### ACTIVITY
Once the pictures are set aside, transcribe each line of the data exactly.

### GIVEN INFORMATION
------------------------------

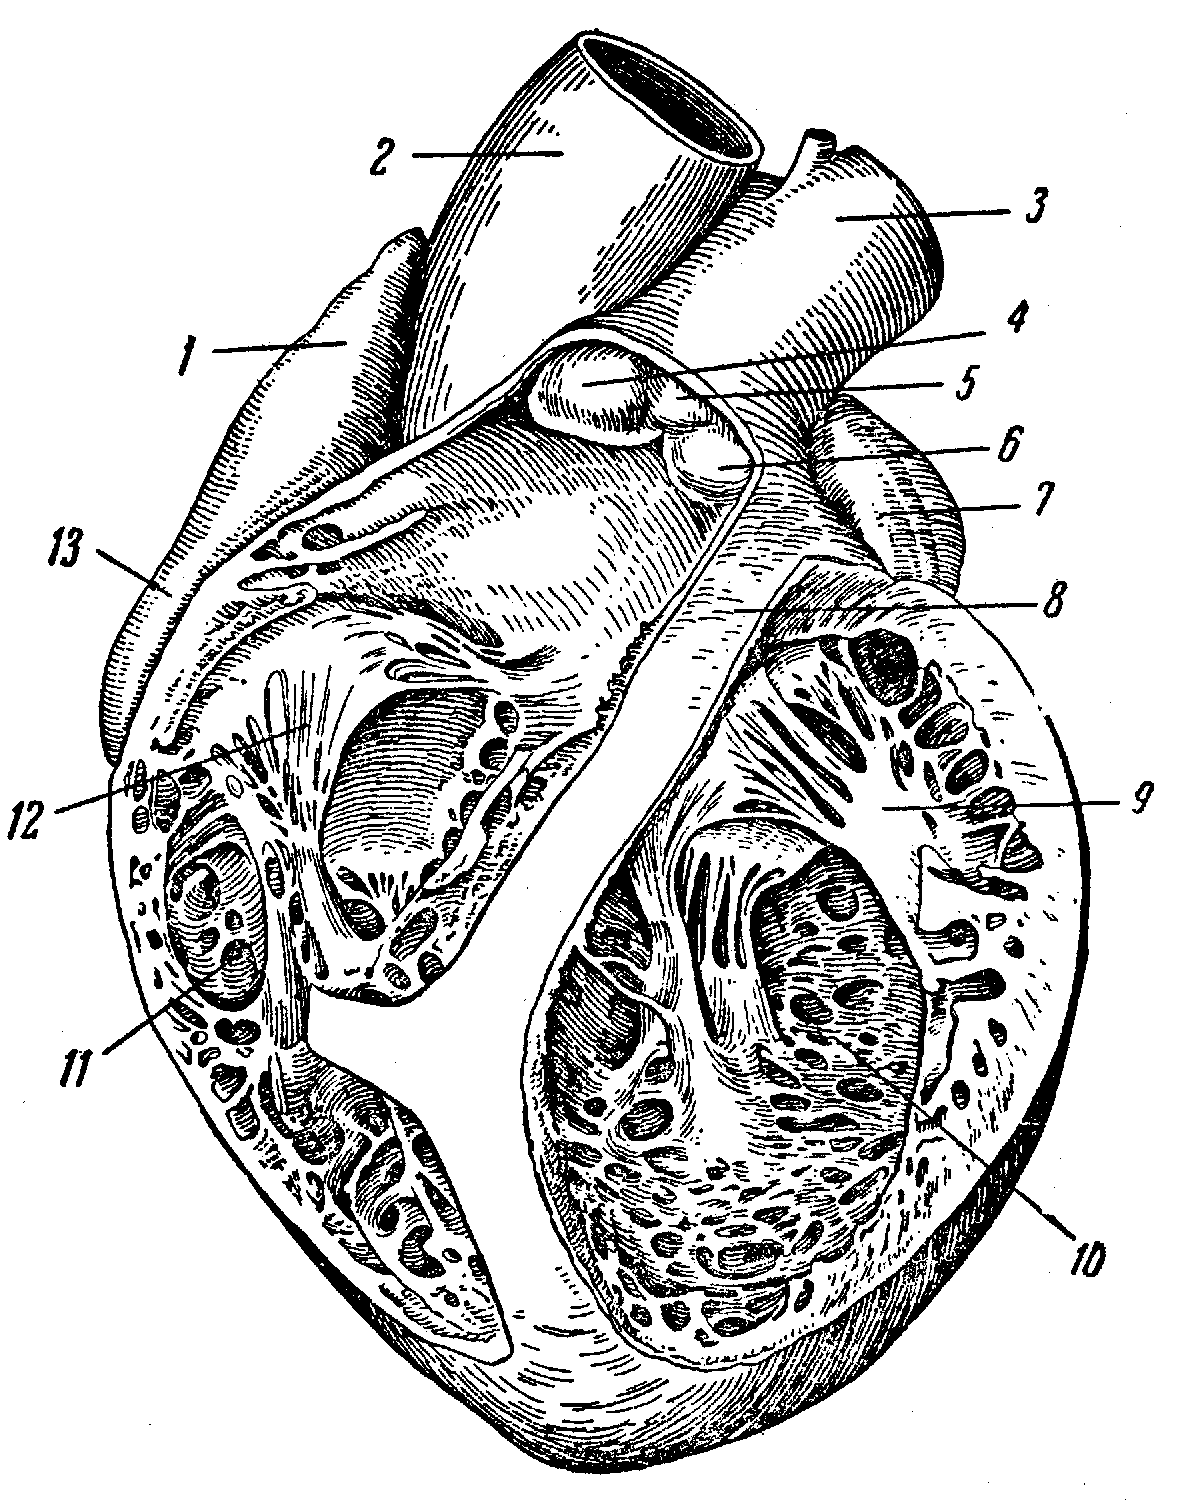 Правое предсердие отделено от правого желудочка. Сердце свиньи анатомия. Вскрытый правый желудочек. Анатомические образования левого предсердия. Правое предсердие и правый желудочек.
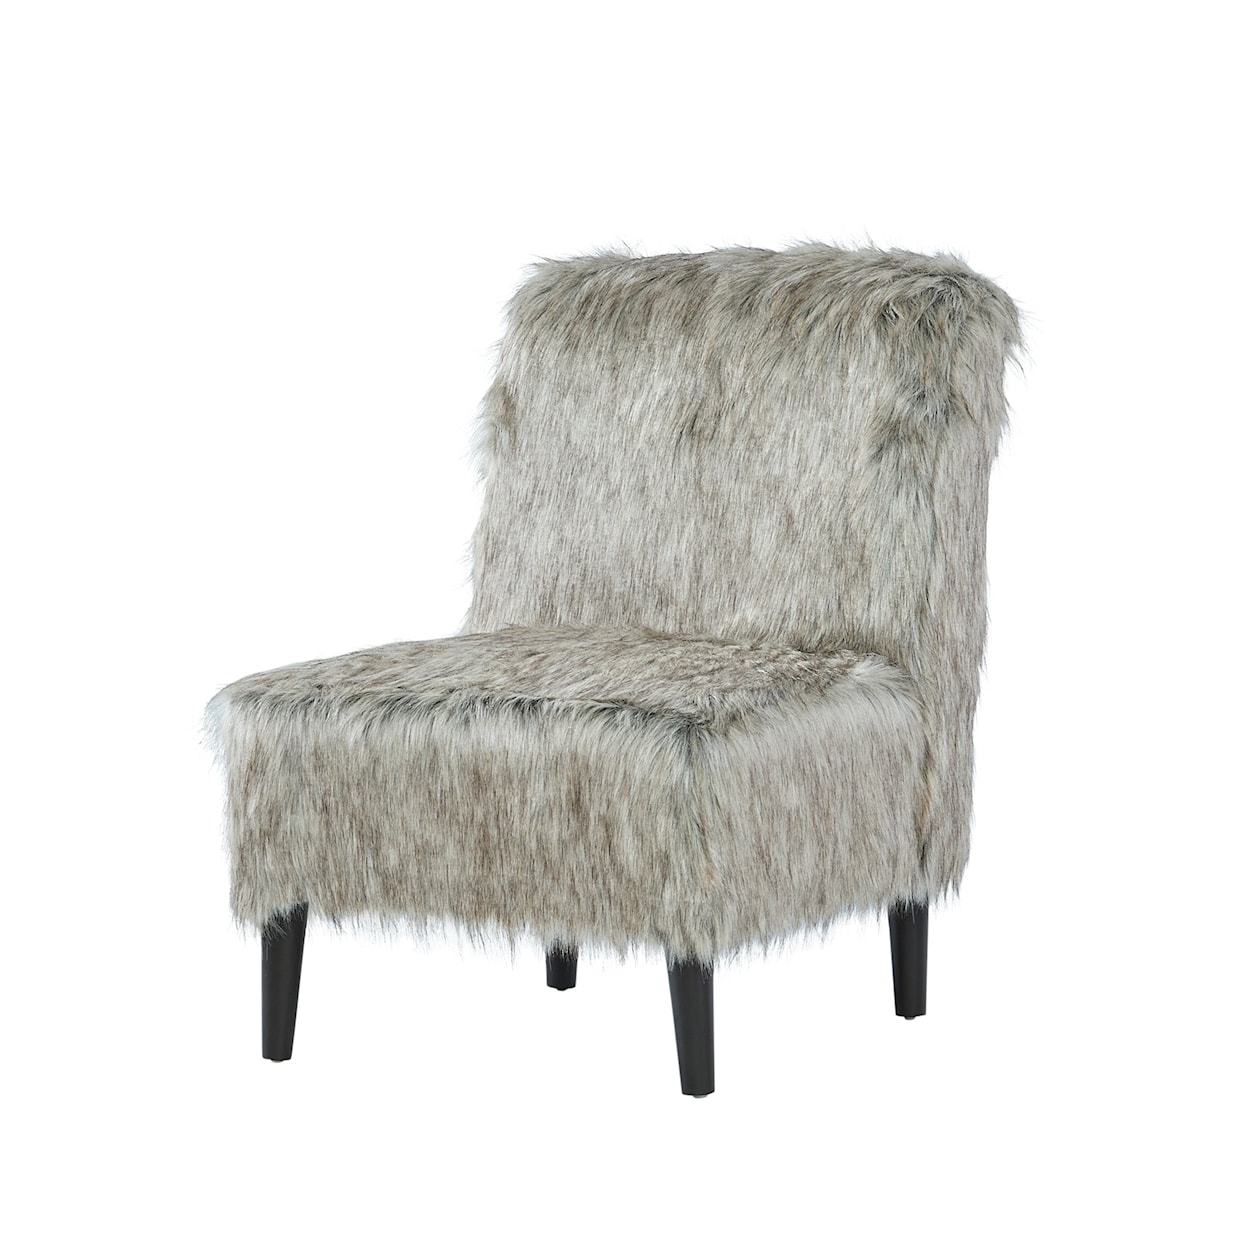 Hughes Furniture 1550 Armless Chair
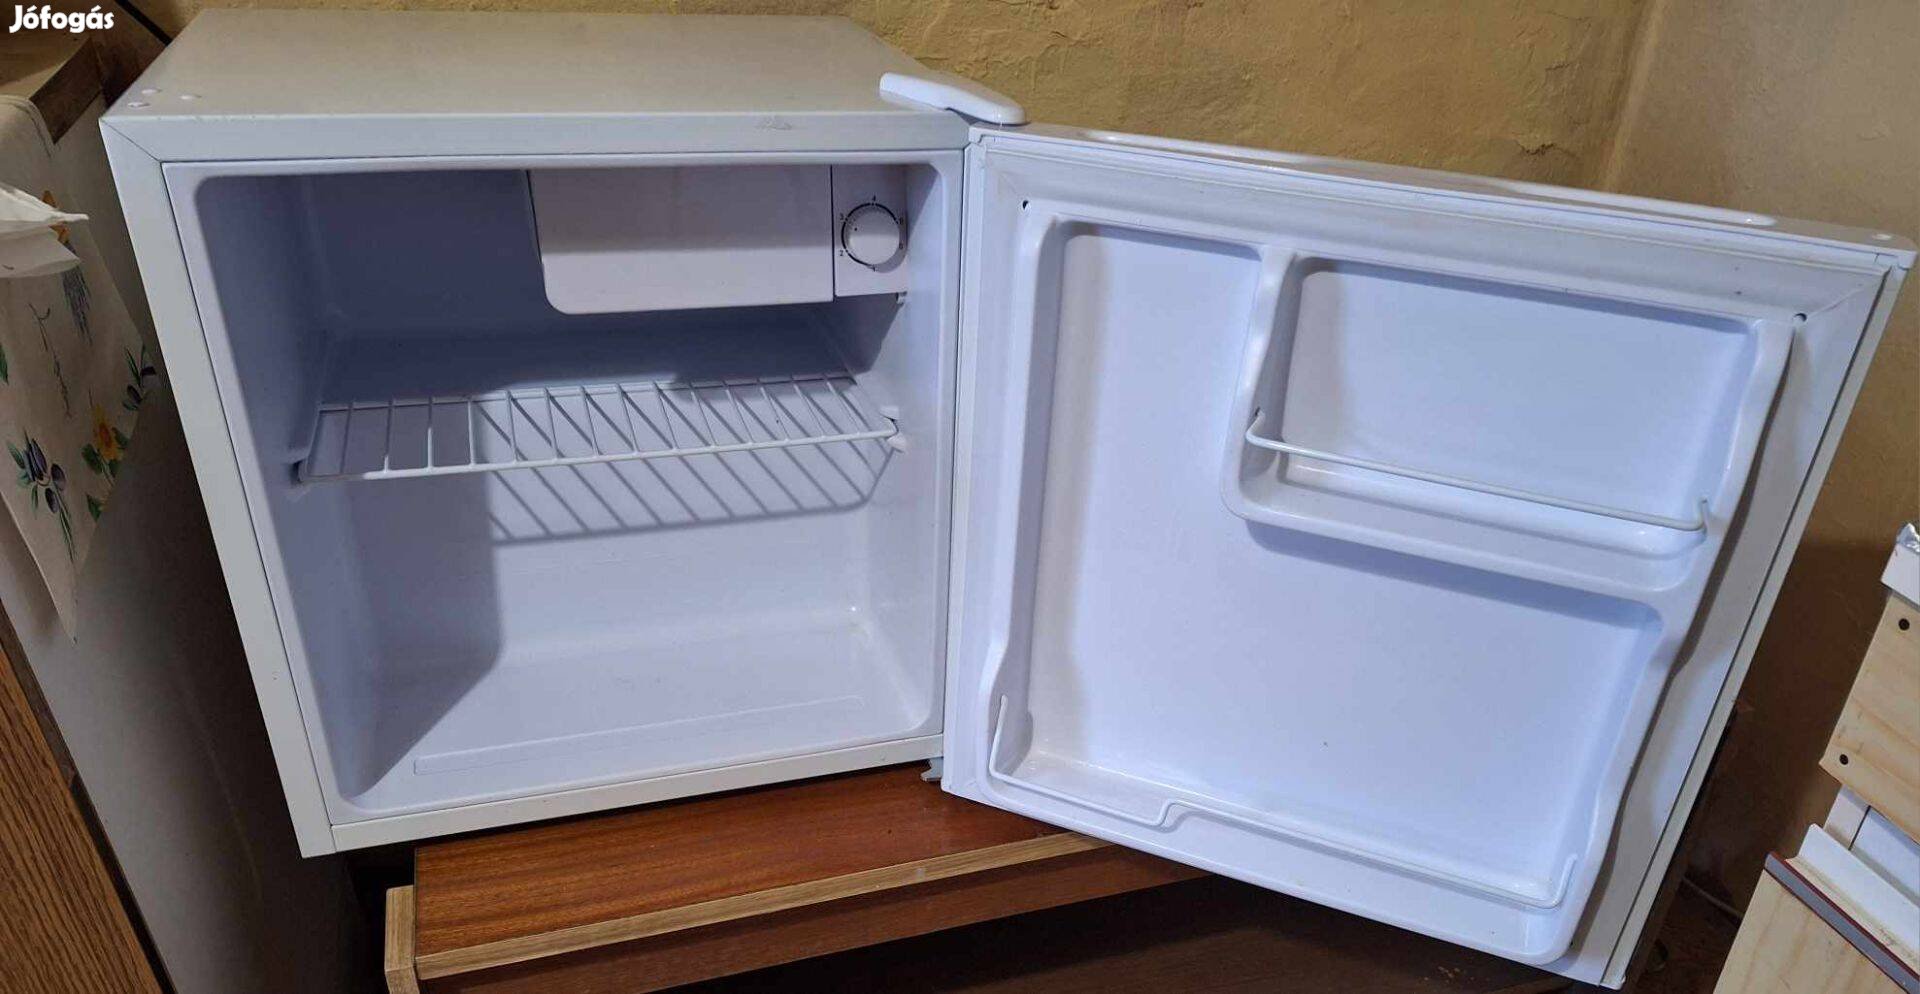 Eladó kis hűtőszekrény

------------------------------

### EXPECTED OUTPUT
 Правое предсердие отделено от правого желудочка. Сердце свиньи анатомия. Вскрытый правый желудочек. Анатомические образования левого предсердия. Правое предсердие и правый желудочек.
 Hughes Furniture 1550 Armless Chair
 Eladó kis hűtőszekrény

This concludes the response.